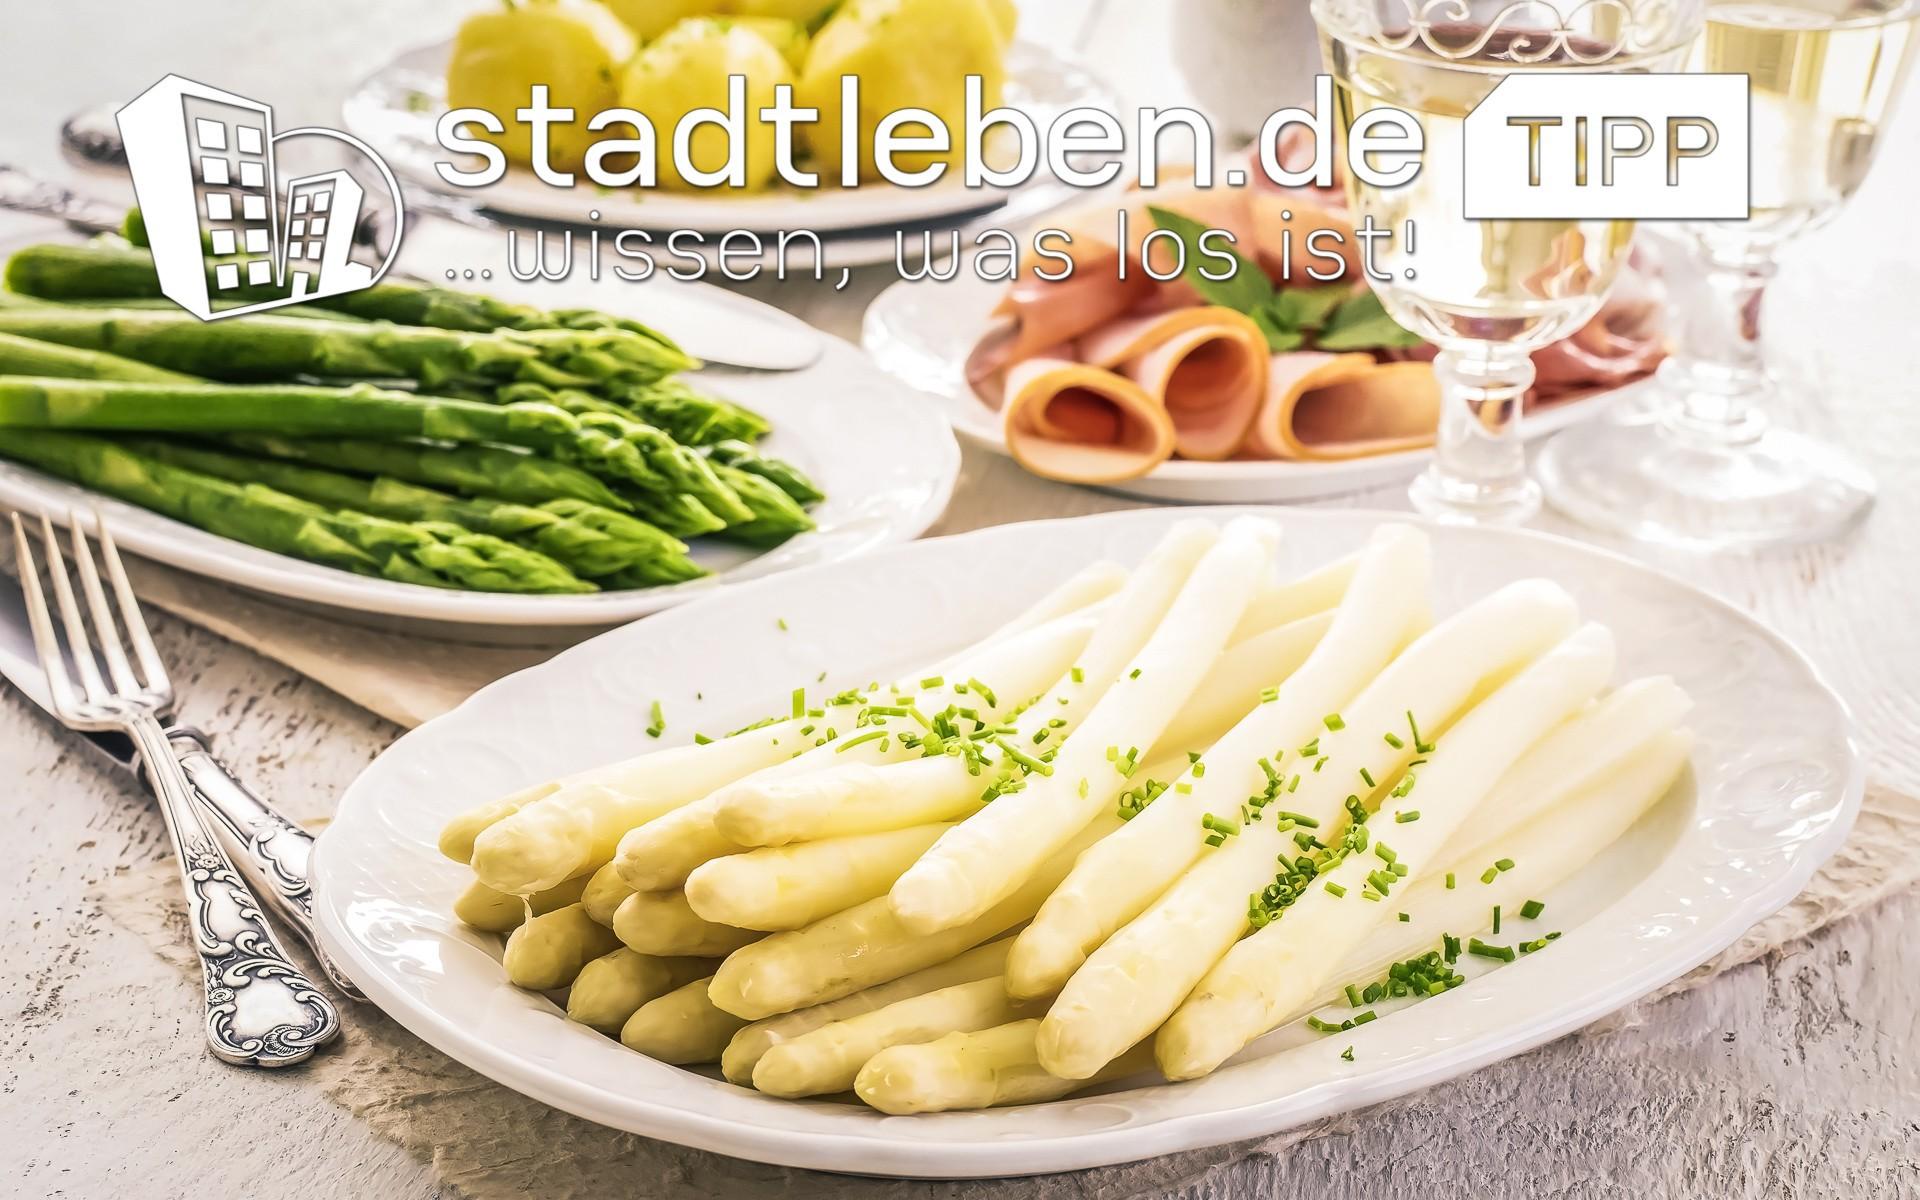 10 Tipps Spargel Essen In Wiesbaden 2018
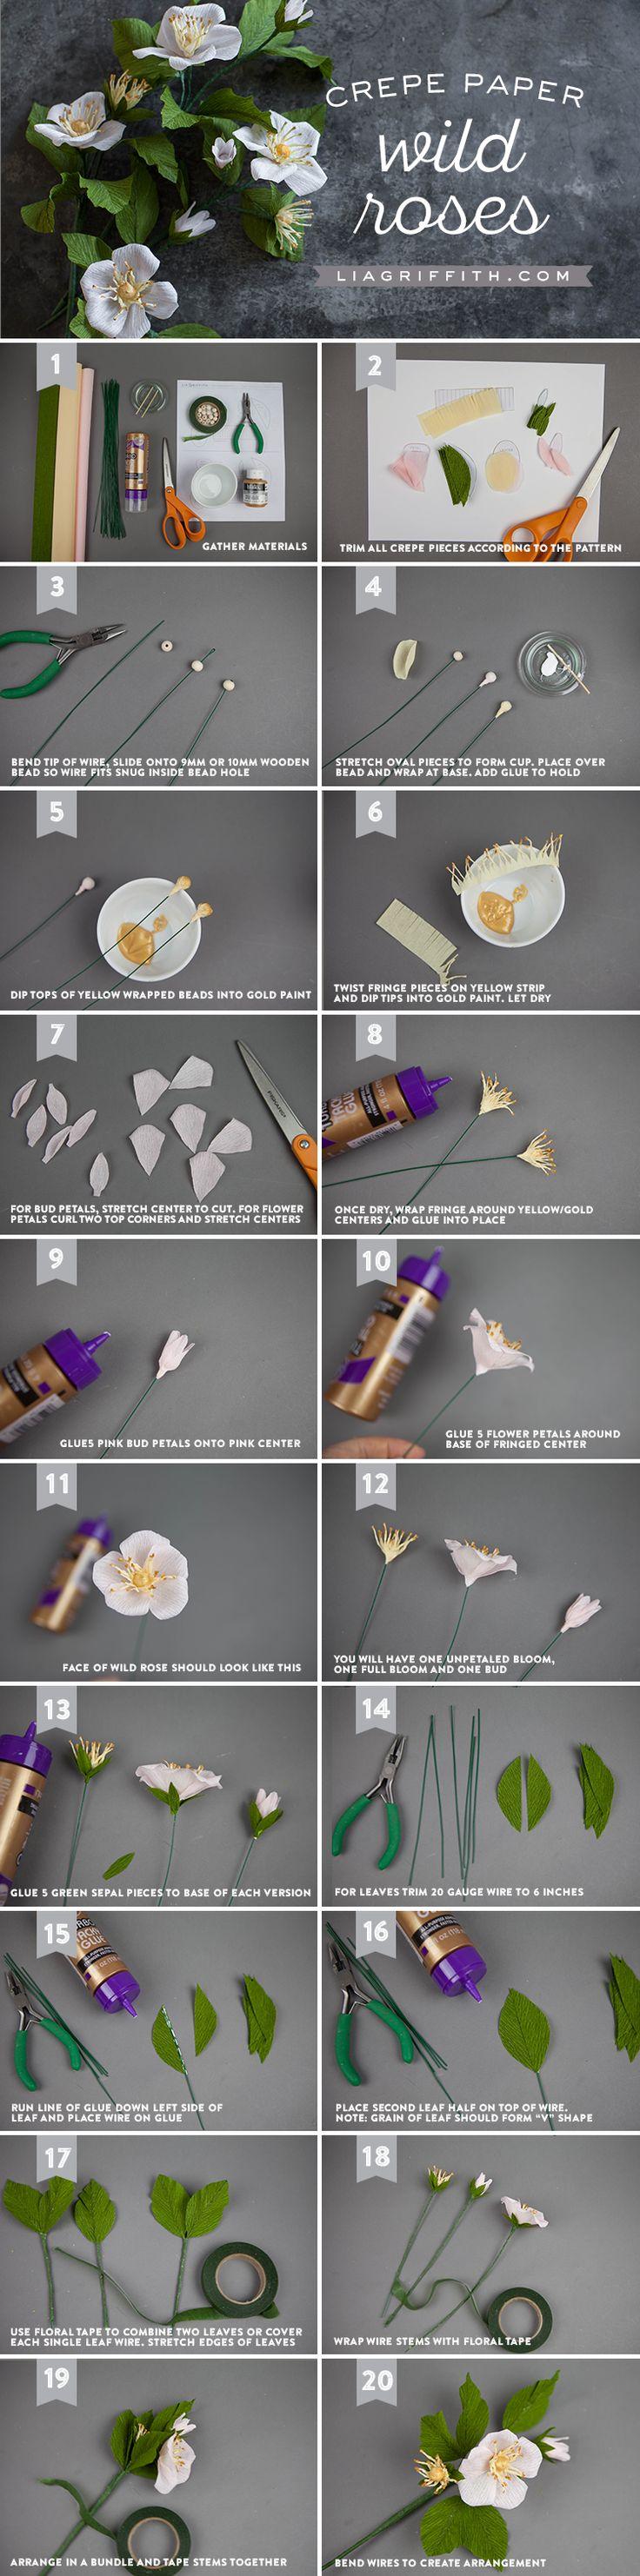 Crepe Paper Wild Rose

...

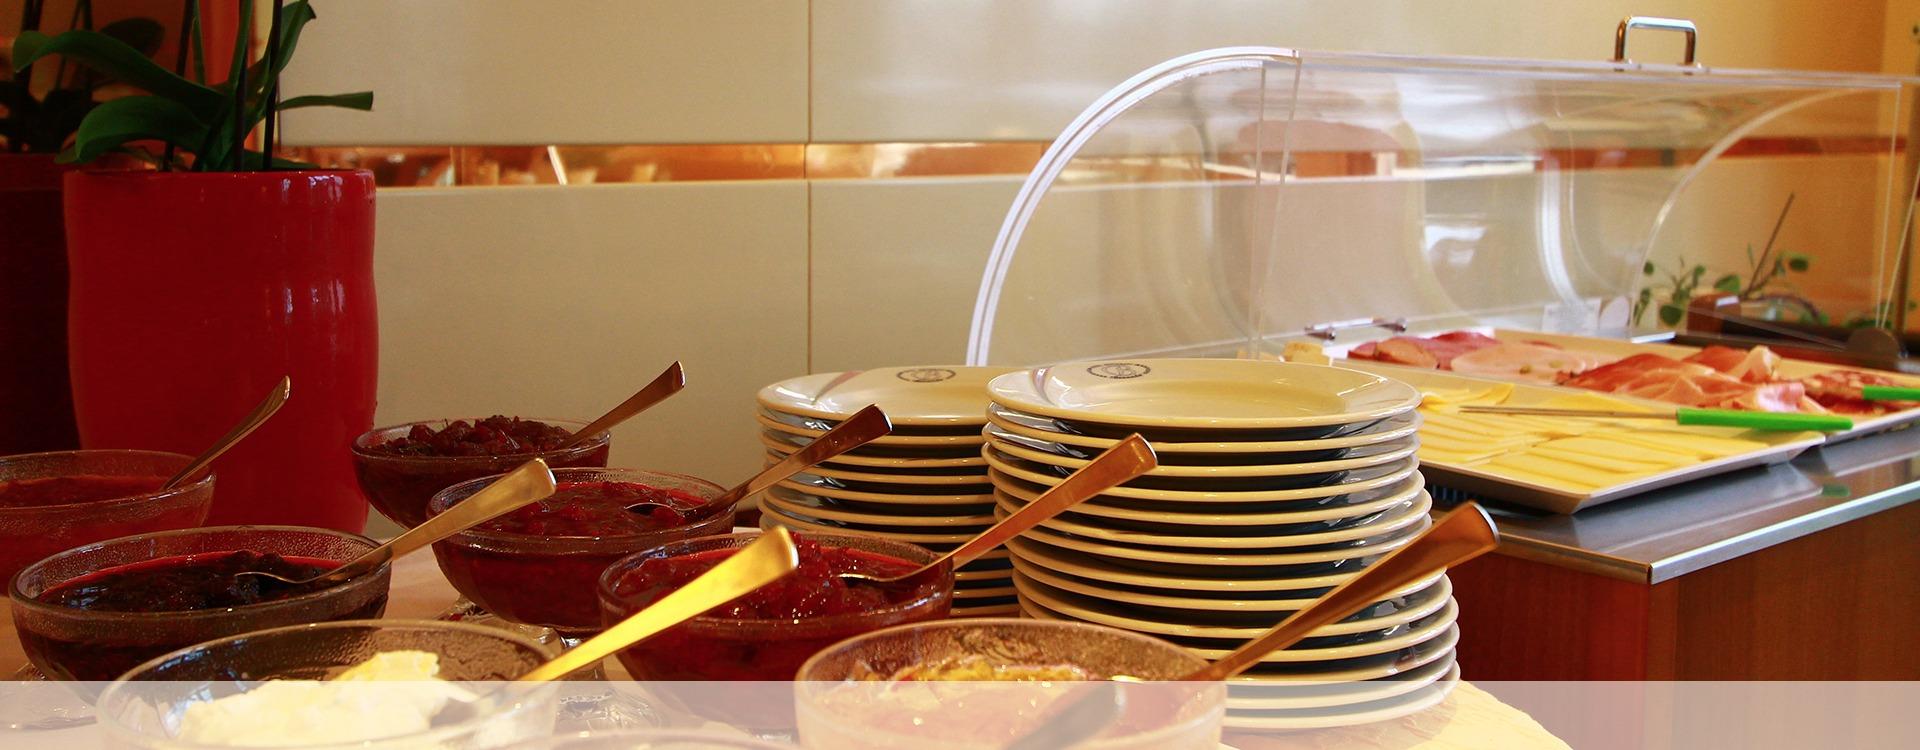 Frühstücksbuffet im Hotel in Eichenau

### WORK ORDER
Among the entries above, take the line with "10 Tipps Spargel Essen In Wiesbaden 2018", the line with "Crepe Paper Wild Rose", and all the lines between them, and restate them word for word without pictures.

### ANSWER
 10 Tipps Spargel Essen In Wiesbaden 2018
 Crepe Paper Wild Rose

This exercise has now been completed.